*PROBLEM DESCRIPTION*: Without including any images, please transcribe all the lines below exactly.

*Data items*:
==========
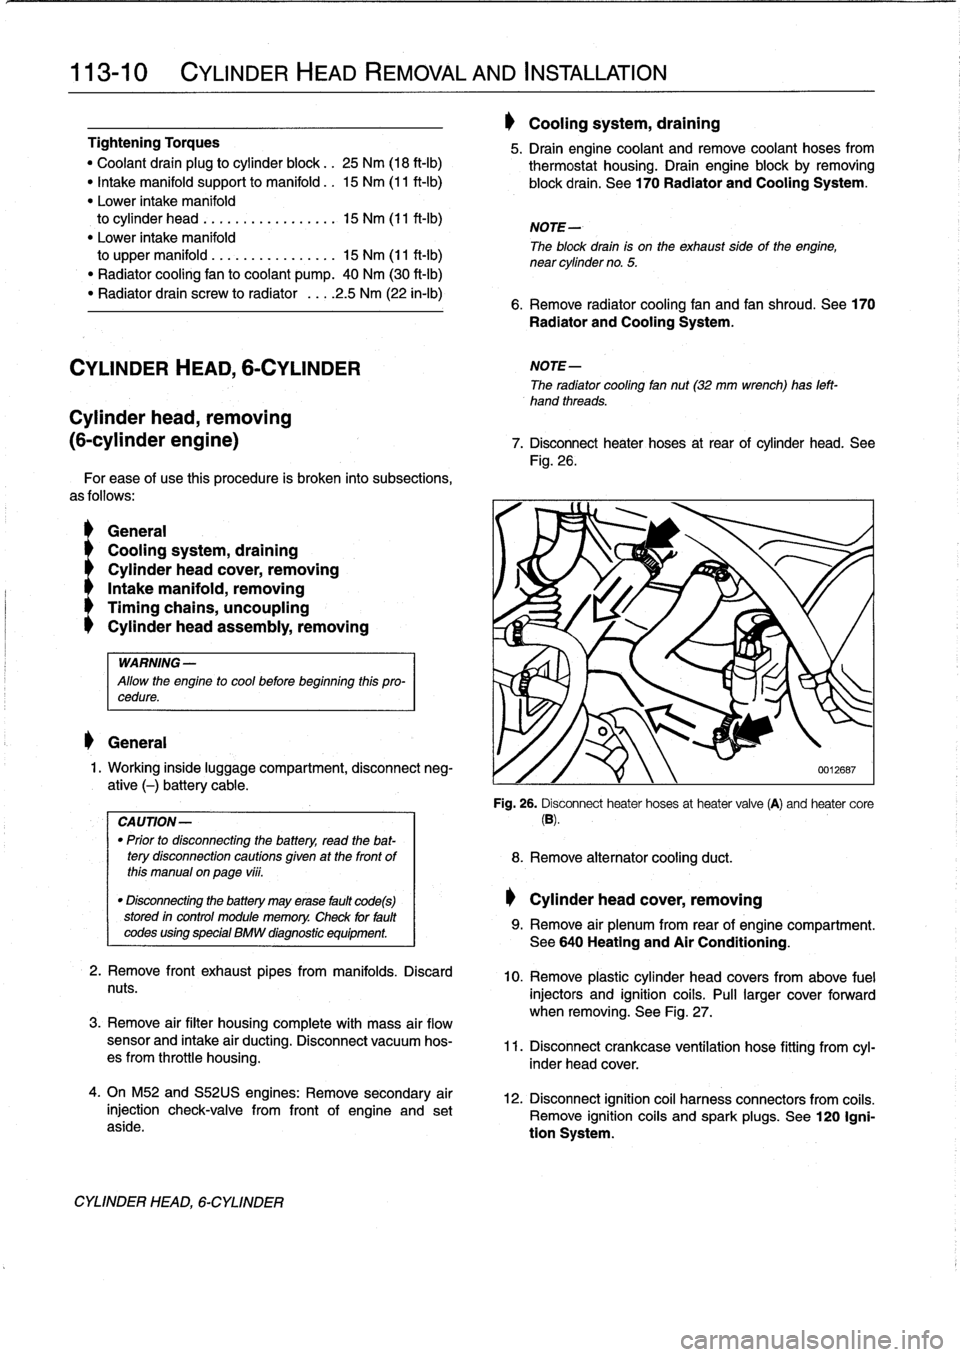 BMW 328i 1994 E36 Service Manual 
113-10

	

CYLINDER
HEAD
REMOVAL
AND
INSTALLATION

Tightening
Torques

"
Coolant
drain
plug
to
cylinder
block
.
.
25
Nm
(18
ft-1b)

"
Intake
manifold
support
to
manifold
.
.
15
Nm
(11
ft-Ib)

"
Lower
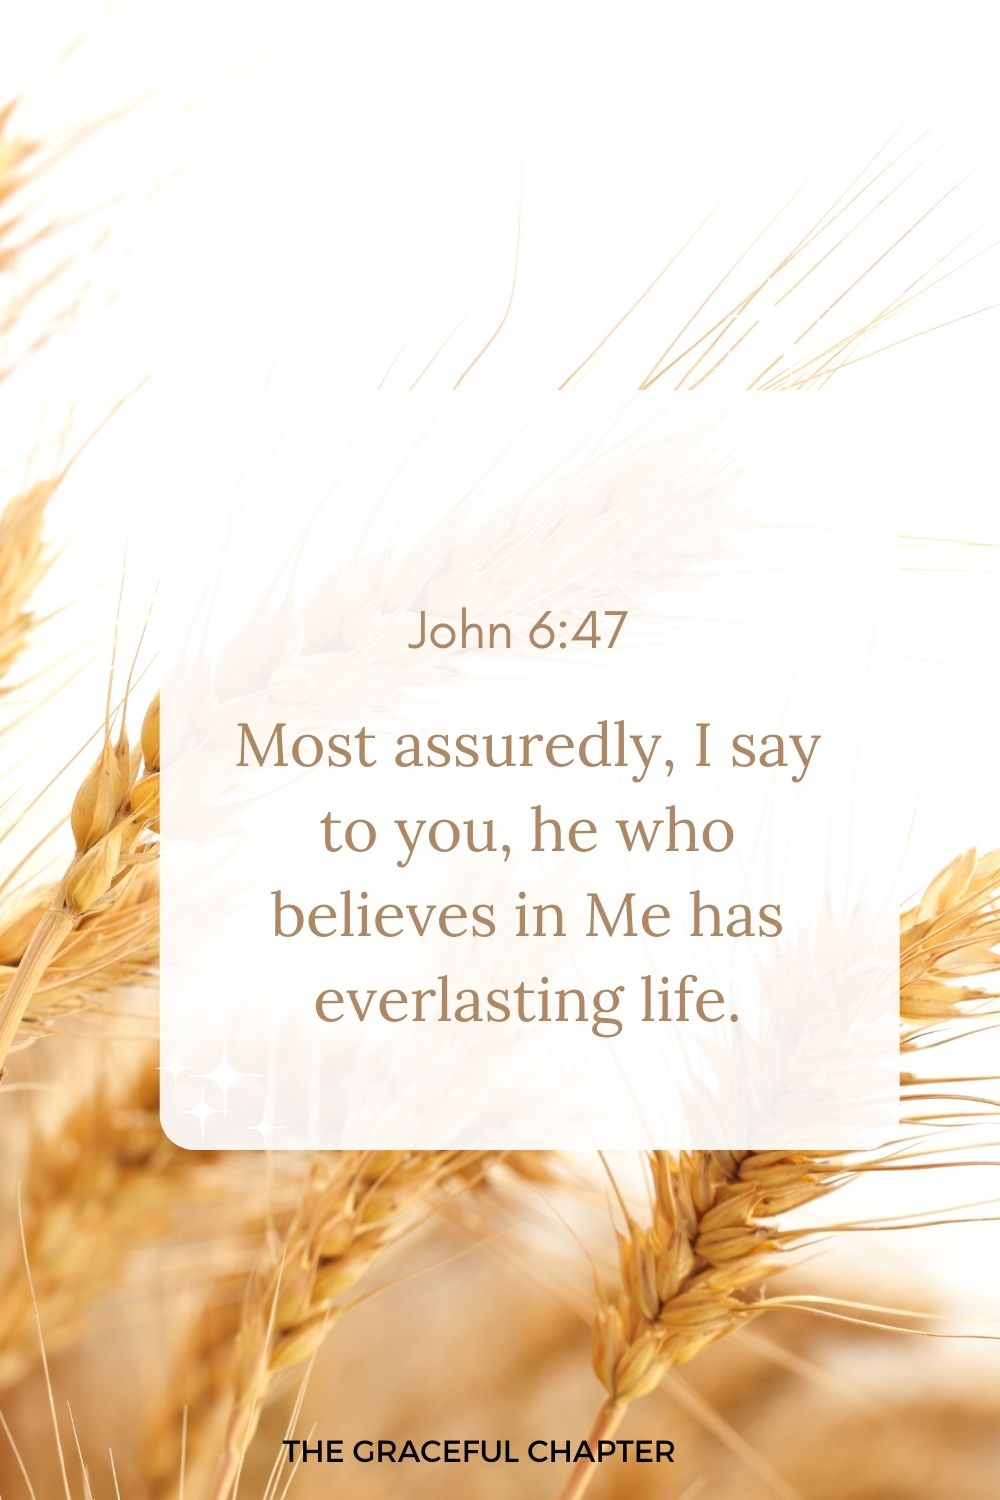 Most assuredly, I say to you, he who believes in Me has everlasting life. John 6:47
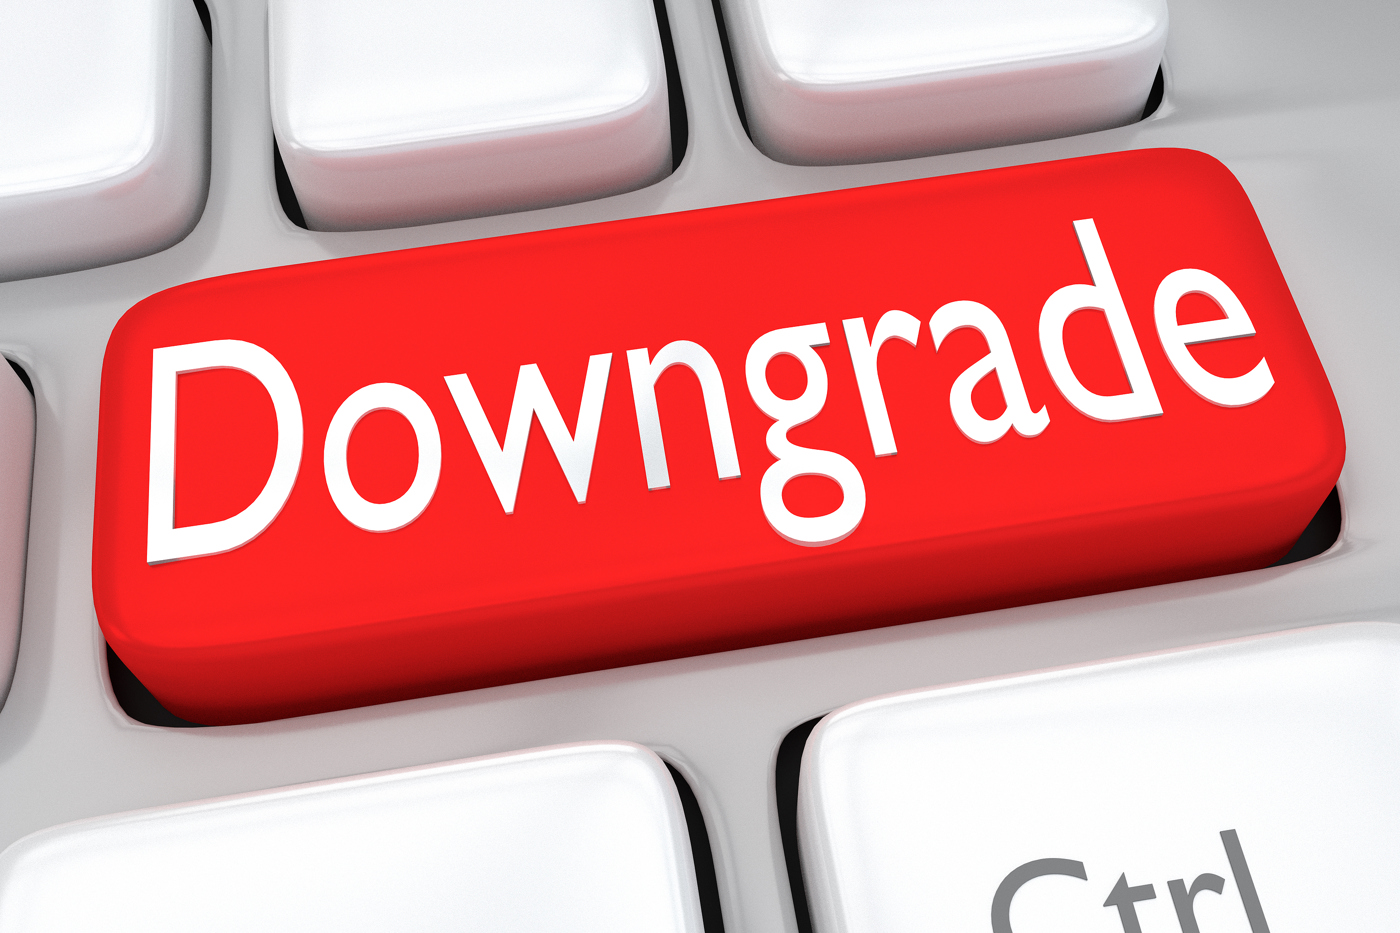 Analyst downgrade, Stock downgrade, Stock rating, Analyst news, Sell rating
==========
*SOLUTION TO THIS EXERCISE*:
 BMW 328i 1994 E36 Service Manual 
113-10

	

CYLINDER
HEAD
REMOVAL
AND
INSTALLATION

Tightening
Torques

"
Coolant
drain
plug
to
cylinder
block
.
.
25
Nm
(18
ft-1b)

"
Intake
manifold
support
to
manifold
.
.
15
Nm
(11
ft-Ib)

"
Lower
 Most assuredly, I say to you, he who believes in Me has everlasting life. John 6:47
 Analyst downgrade, Stock downgrade, Stock rating, Analyst news, Sell rating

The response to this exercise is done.